I'm writing a PHP application where users can download some files. Not all files can be downloaded by all users and some complicated rights-checking is going on behind the scenes.
Because of this rights-checking I don't want to expose the url where the file is actually located, as I want to force the user to always use the endpoint where his credentials are verified.
In my current implementation this is all written using PHP (fread, etc). In order to minimize memory consumption this is implemented as a stream, such that PHP mostly acts as a proxy.
But I would like to only use PHP for the authentication, and then use Apache2 for the actual hosting. Looking around for options it seemed X-Sendfile would be an ideal fit.

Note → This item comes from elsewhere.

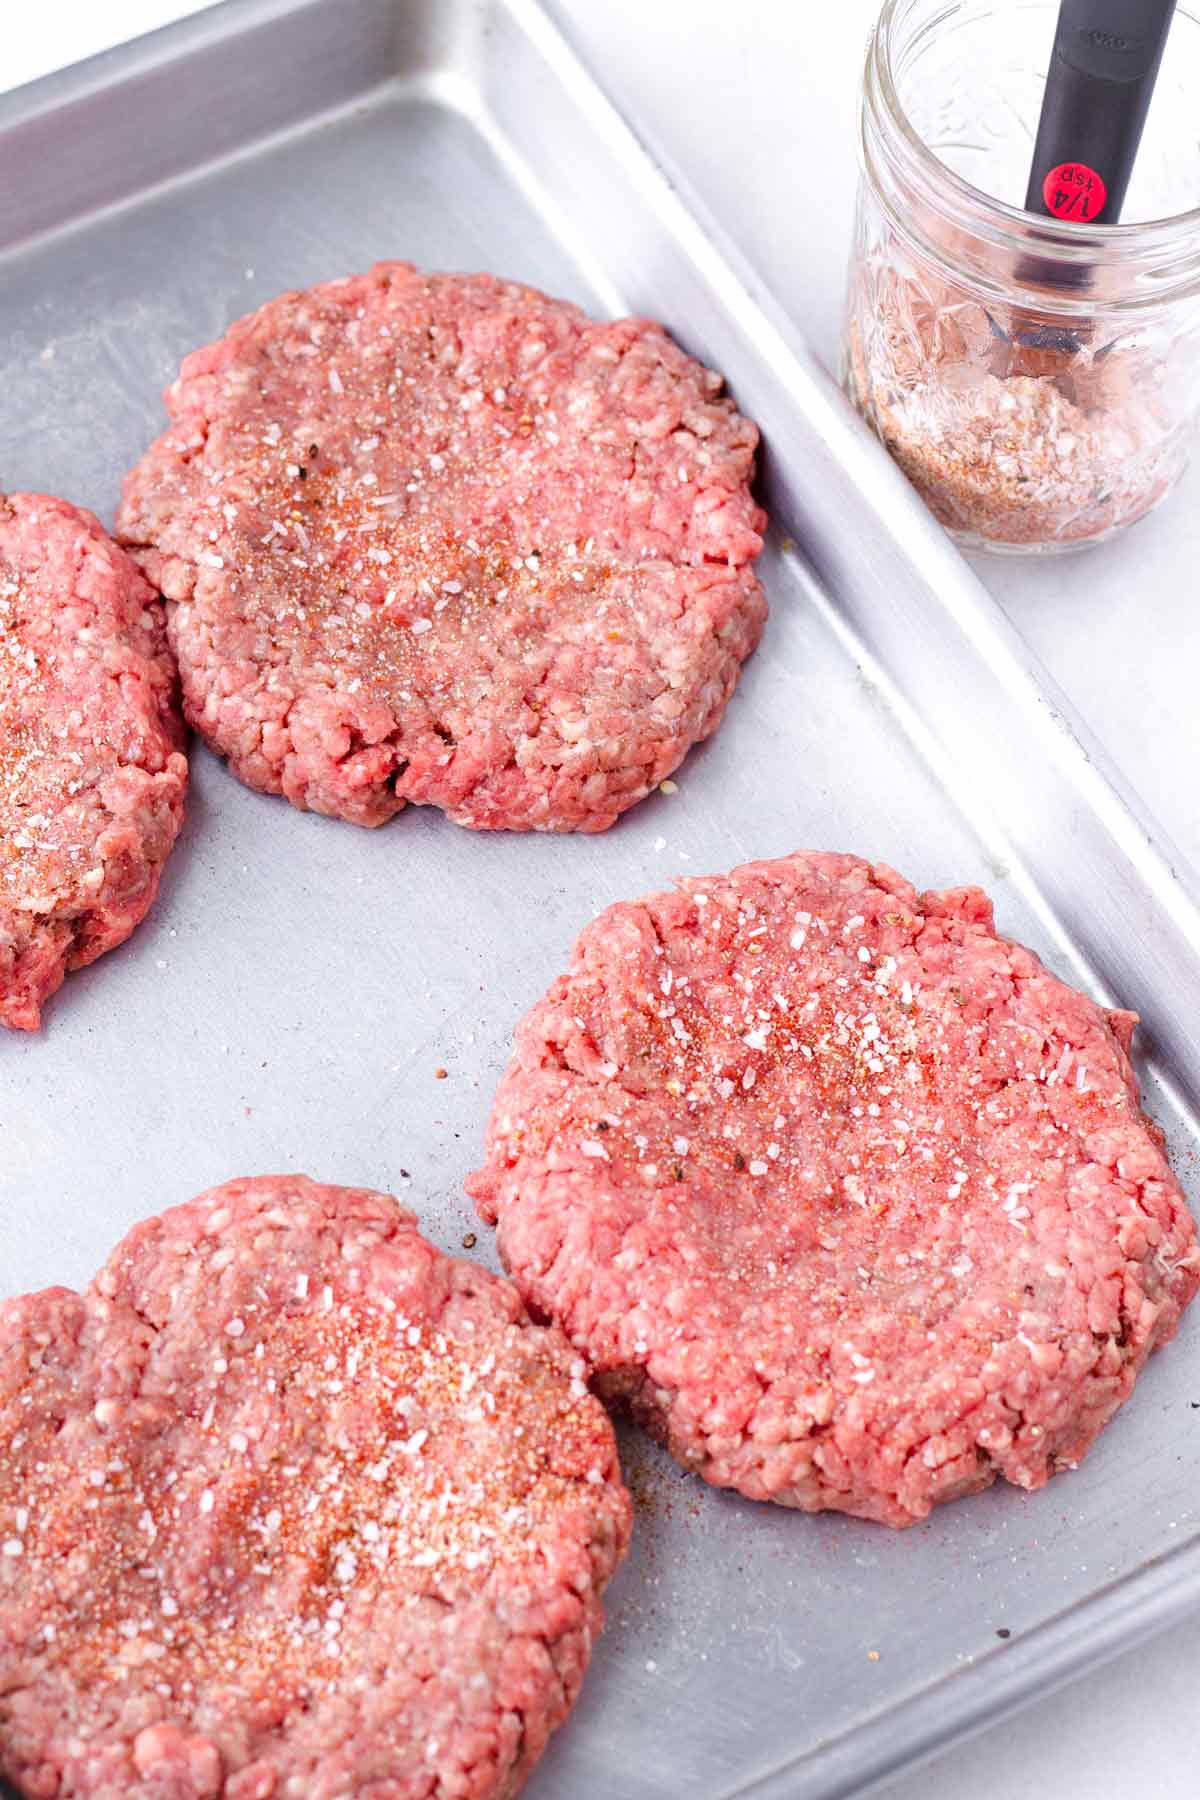 four seasoned meat patties on a sheet pan, next to a mason jar with seasoning

The only issue in using X-Sendfile is that it only works for local files, and my files are on a remote storage server (not my webserver).
So essentially I have a direct link to my storage server (which I want to hide):
https://storage.example.com/the-pet-goat.pdf
And the public link the user interacts with:
https://www.example.com/randomized-id/download
and I would like that when the user goes to https://www.example.com/randomized-id/download its credentials are checked and if successful he should be (invisibly) redirected to the file on the storage server.
Is there a way to achieve this (using Apache)? I've found X-Accel-Redirect, but that is for NGinx
I've found a similar question here on SO: Alternative to X-sendfile in Apache for sending file given a URL? but that one is specifically targeting S3, Apache (and Ruby on Rails), while this question is more generic for Apache.